The 11th Circuit Court of Appeals in Atlanta Tuesday upheld a preliminary injunction blocking Florida’s 2011 law requiring welfare applicants to take and pass a drug test. The court held that mandatory, suspicionless drug testing violated the Fourth Amendment’s proscription against warrantless searches and seizures.

Tuttle_Bldg drug test welfare, Source: http://stopthedrugwar.org/chronicle/2013/feb/26/federal_appeals_court_blocks_floThe decision came in Lebron v. Secretary, Florida Department of Children and Families, in which Navy veteran, single father, and university student Luis LeBron applied for Temporary Assistance for Needy Families (TANF) funds, but refused to be drug tested. His challenge to the law led to a federal district court’s preliminary injunction halting the implementation of the law. The 11th Circuit’s ruling Tuesday upheld the preliminary injunction.

Federal courts have generally found random, suspicionless drug testing to be a violation of the Fourth Amendment, but have carved out two “special needs” exceptions: for public safety (allowing testing of pilots, truck  drivers, and police doing drug enforcement) and children (allowing testing of students involved in athletic or extracurricular activities).
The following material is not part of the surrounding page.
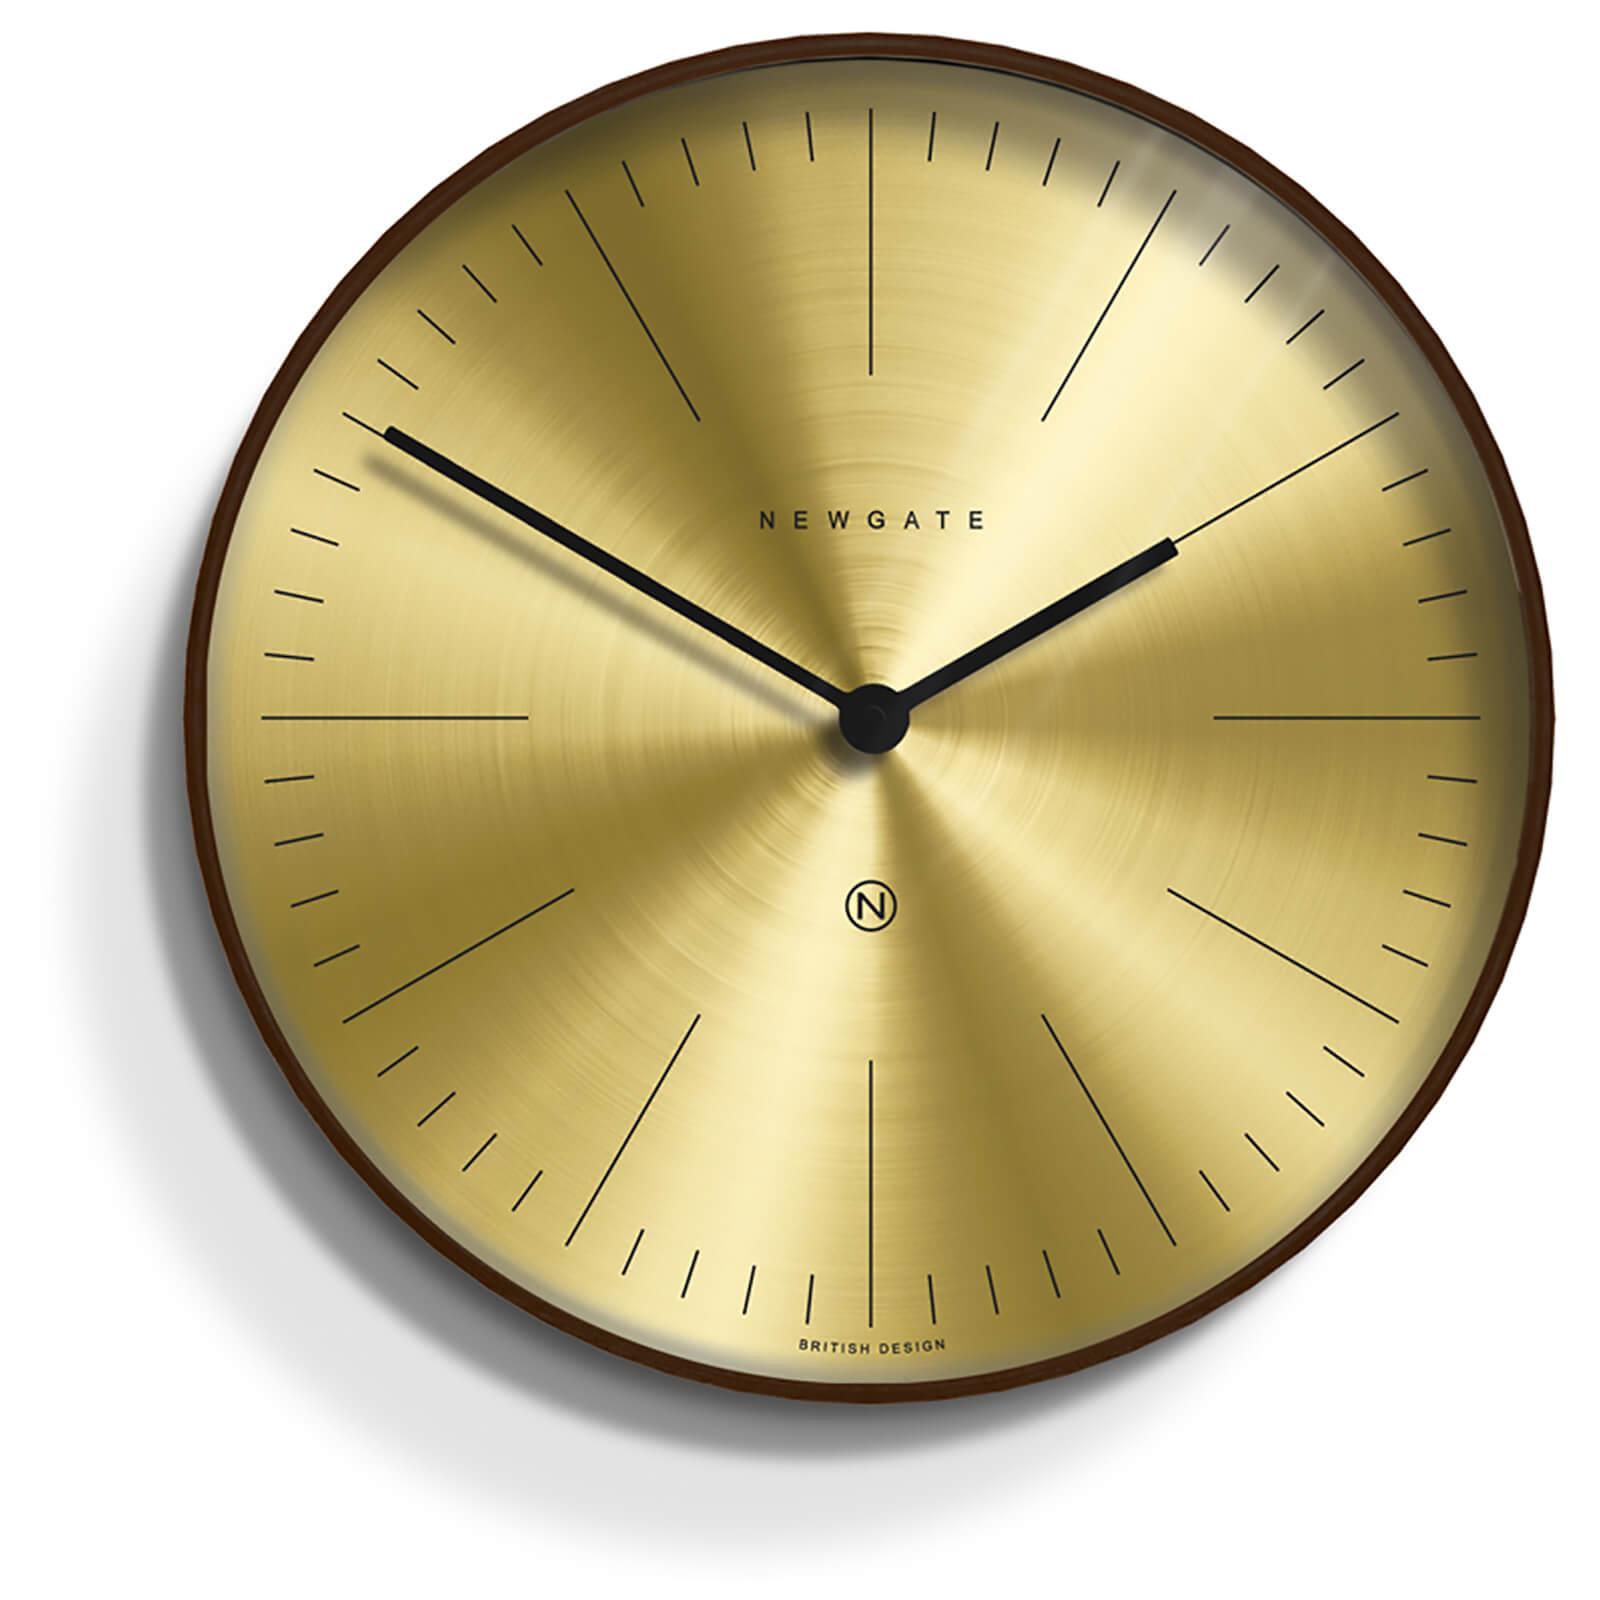 Newgate Mr Clarke Wall Clock - Dark Wood - Brass Dial
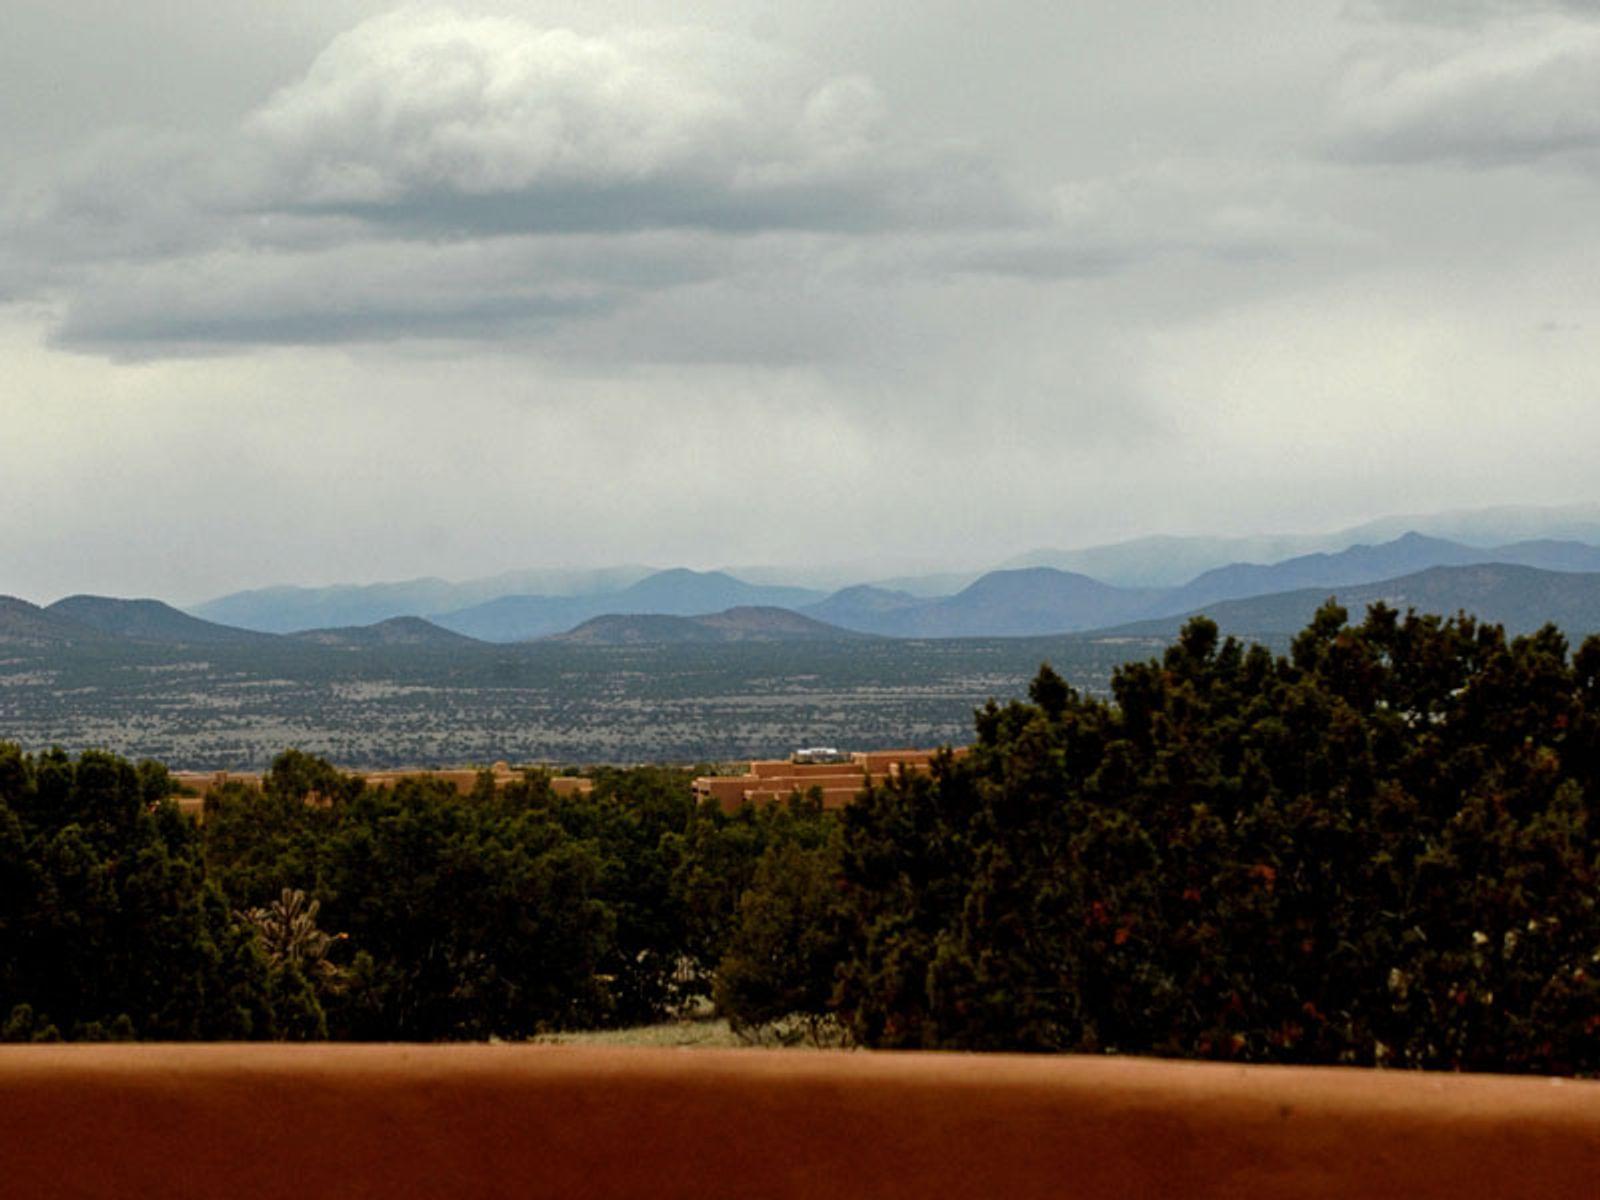 19 Picacho Peak

The 11th Circuit held that the Florida law did not fall within those exceptions.

The state of Florida “presented no empirical evidence to bolster its special needs argument that suspicionless drug testing of TANF applicants is in any way warranted,” the court held. “There is nothing so special or immediate about the government’s interest in ensuring that TANF recipients are drug free so as to warrant suspension of the Fourth Amendment.”

“Today, the 11th Circuit Court of Appeals, in affirming a preliminary injunction halting Florida’s law mandating suspicionless drug testing of TANF applicants, set important precedent, which will hopefully curtail other states from following in Florida’s stampede over individuals’ Fourth Amendment rights, said Shawn Heller, a co-counsel on the case. “As Judge Jordan succinctly stated in his concurrence, ‘constitutionally speaking, the state’s position is simply a bridge too far.'” (Heller first joined the case while on staff at the Florida Justice Institute, which argued the case as co-counsel to the ACLU of Florida.)

“The 11th Circuit’s decision deals a devastating blow to any state’s attempt to impose suspicionless drug testing as a condition of receiving governmental benefits,” said Daniel Abrahamson, director of legal affairs at the Drug Policy Alliance, which had filed an amicus brief in the case. “We hope that lawmakers will choose to honor the constitution rather than scapegoat poor people in efforts to address perceived drug problems.”

In that amicus brief, the Drug Policy Alliance was joined by the American Academy of Addiction Psychiatry, Physicians and Lawyers for National Drug Policy, the Legal Action Center, Center for Juvenile and Criminal Justice, National Employment Law Project, Child Welfare Organizing Project, and National Advocates for Pregnant Women.

The brief argued that Florida’s drug testing scheme does not achieve any of its purported goals of protecting the well-being of children, promoting the employability of person on public assistance and assuring fiscal integrity, and does not pass the “special needs” test that is required to justify otherwise unconstitutional searches by government officials.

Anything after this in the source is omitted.